Bitcoins have become the nameplate for cryptocurrencies since Satoshi gave them their name. These digital assets are mined through the solution of complex algorithms which in turn, build a blockchain of data.
This blockchain is supposed to be immutable and free from corruption, as each block is built from the previous one and cannot be undone without changing the entire chain.
The accountability of the blockchain made it the perfect platform to track the ownership of digital currency and thus the Bitcoin was born.
Even though Bitcoin was one of the first ones out of the gate, it only harnesses a fraction of what blockchain has to offer.
Ethereum is a software platform built on blockchain technology that allows developers to build and deploy a decentralized application (Dapp). Bitcoin is essentially a DAPP which could be run on Ethereum.
As such, Ethereum has been garnering a lot of attention from both investors and the media.
So just what is it that you can do with Ethereum?
First, there’s smart contracts.
Up until now, if you made an agreement with someone, a contract would be signed, possibly notarized and at the completion of the deal, the parties in the contract would carry out what was written in the contract – or not. Trump is a prime example of the bait and switch products and services contract.
Smart contracts have no third-party, arbitrator or ginger-haired con artist to trust for the execution of an agreement’s terms. If the conditions laid out in the smart contract are met/verified, payment/execution is automatic.
Ethereum also allows users to create their own crowd-funding campaign for product pre-sale, or an ICO (cryptocurrency version of an IPO). No trust is necessary. If the campaigner is unable to fulfill the promises set out in the crowdsourcing agreement, the money is automatically funneled back to the contributors.
Democratic autonomous organizations (DAOs) can be created on Ethereum. You could create an autonomous organization where proposals submitted by your backers are voted on in a transparent process and implemented, without you ever having to get involved. That’s not all, there’s virtual NGOs, online shareholder voting and virtual countries with enforced constitutions.
At this point, the world is your oyster with Ethereum. At least that is what it looks like.
Ethereum has climbed the ranks to become the second largest cryptocurrency in the world. Since the top of 2017 when it began trading, Ethereum has rocketed more than 5,000% from $7.98 to $407.10 during morning trading. Bitcoin, on the other hand, dropped approximately 17% today.
Vladimir Putin praised cryptocurrency at the St. Petersburg International Economic Forum recently saying, “it’s essentially the foundation for creating brand-new business models.” This isn’t just talk, the state development bank, VEB, has agreed to use Ethereum to help implement blockchain technology in Russia. Singapore has carried out a test using Ethereum blockchain tech. Japan is moving to make Ethereum and other cryptocurrencies valid payment.
There are some serious things to consider before jumping onto the Ethereum bandwagon however and blockchain technology in general.

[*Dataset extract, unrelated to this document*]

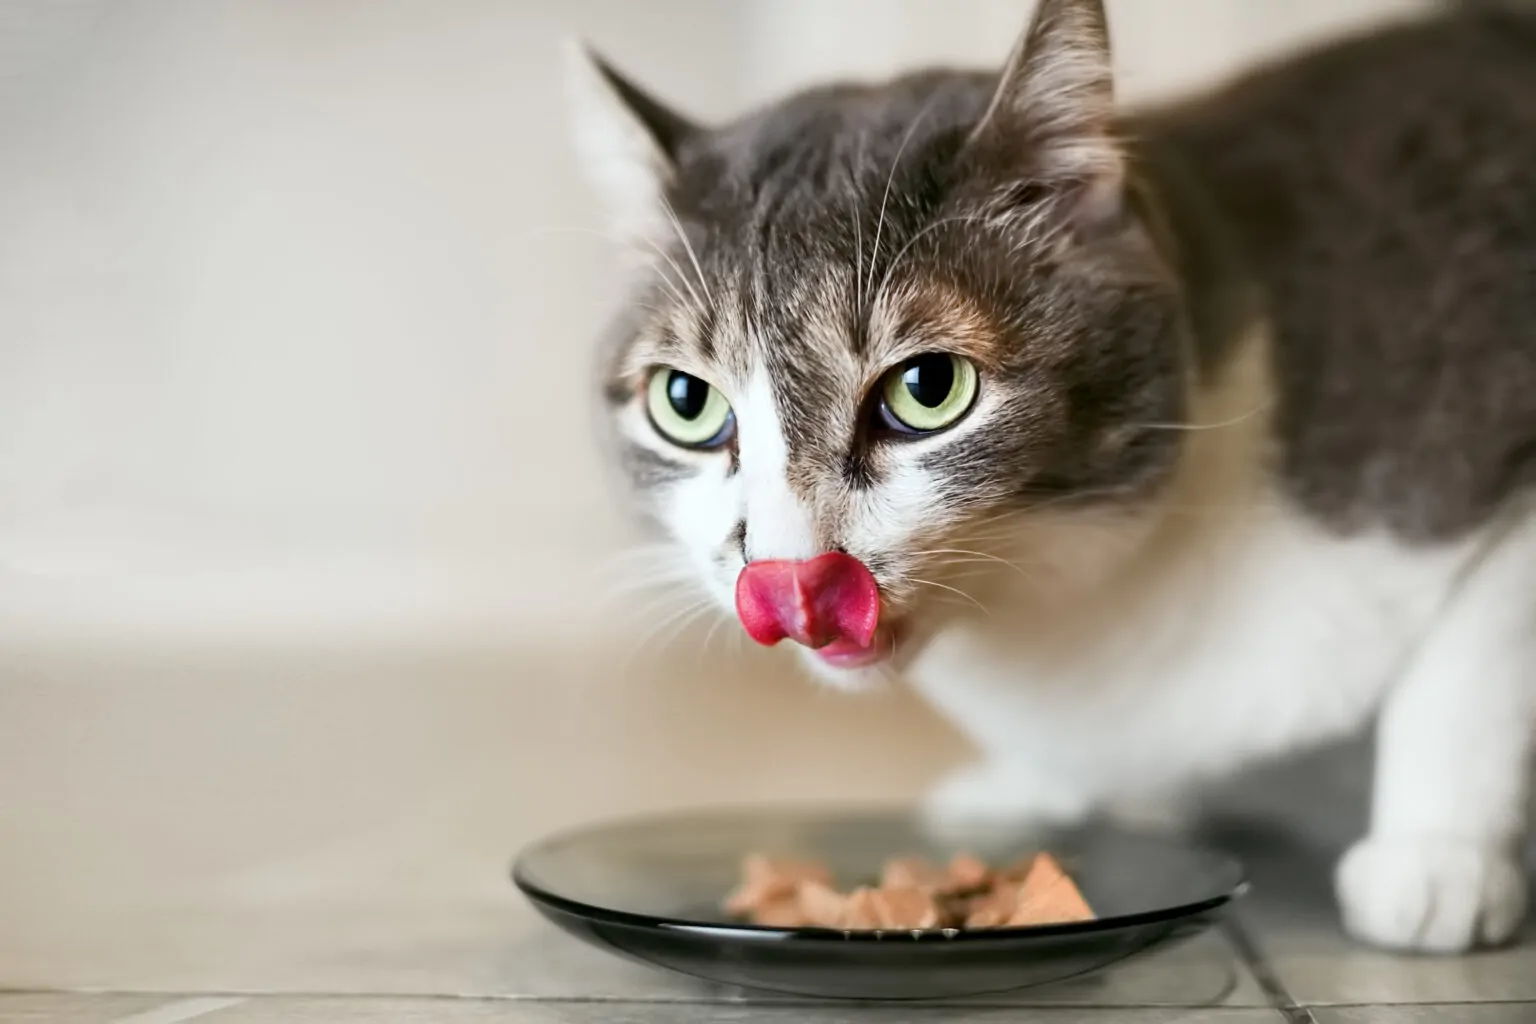 Tratamiento de la gingivitis en gatos con solución salina

Hard forks. The blockchain isn’t immutable. Ethereum offers a great example of this as the organization decided to do a hard fork in their blockchain after one of the DAOs created on the platform was hacked and one of the backers lost everything.
As a group, it was decided that a hard-fork (re-write) would be created in the blockchain, to effectively erase the impact of the hack and return the money to a separate contract. This was good for the investor and Ethereum’s leadership, but it revealed a tragic flaw with the system and its execution.
First, any kind of change must be democratically approved by everyone using Ethereum. A majority was reached, but there were many users who felt the core concept of immutability had been over-run by the personal interests of those in charge of the Ethereum Foundation and they didn’t want to follow the new way.
So, at the hard fork, you now have Ethereum Classic for all those offended by the refund and the new Ethereum for all those who are comfortable with a sliding scale of correctness.
There’s a bubble. ICOs are tying up Ethereum or ETH. Tokensale caps are ridiculously high, more money than any tech start-up would require. Then when companies look at how ETH is growing in value, they decide to cash in only what they need and hold onto the rest for investment. This hoarding far outstrips the amount of coins being mined. Speculators jump in and feed the vicious circle.
When these companies have to sell to pay bills, or there’s a bug in the system or another DAO goes sour, Ethereum’s value will most likely tank, taking a great deal of small time investors with it.
Sure, Ethereum co-founder, Vitalik Buterin, says all that glitters is gold, but he’s got a vested interest in at least one of the ICOs going on Ethereum, so he’s not going to be talking about the Emperor’s lack of clothes.
I’m not screaming that the sky is falling, but data seems to point to an impending market correction for Ethereum and cryptocurrencies in general.
So, Bitcoin versus Ethereum. I’ll run with Ethereum, but not until after the correction and Buterin removes himself from the equation.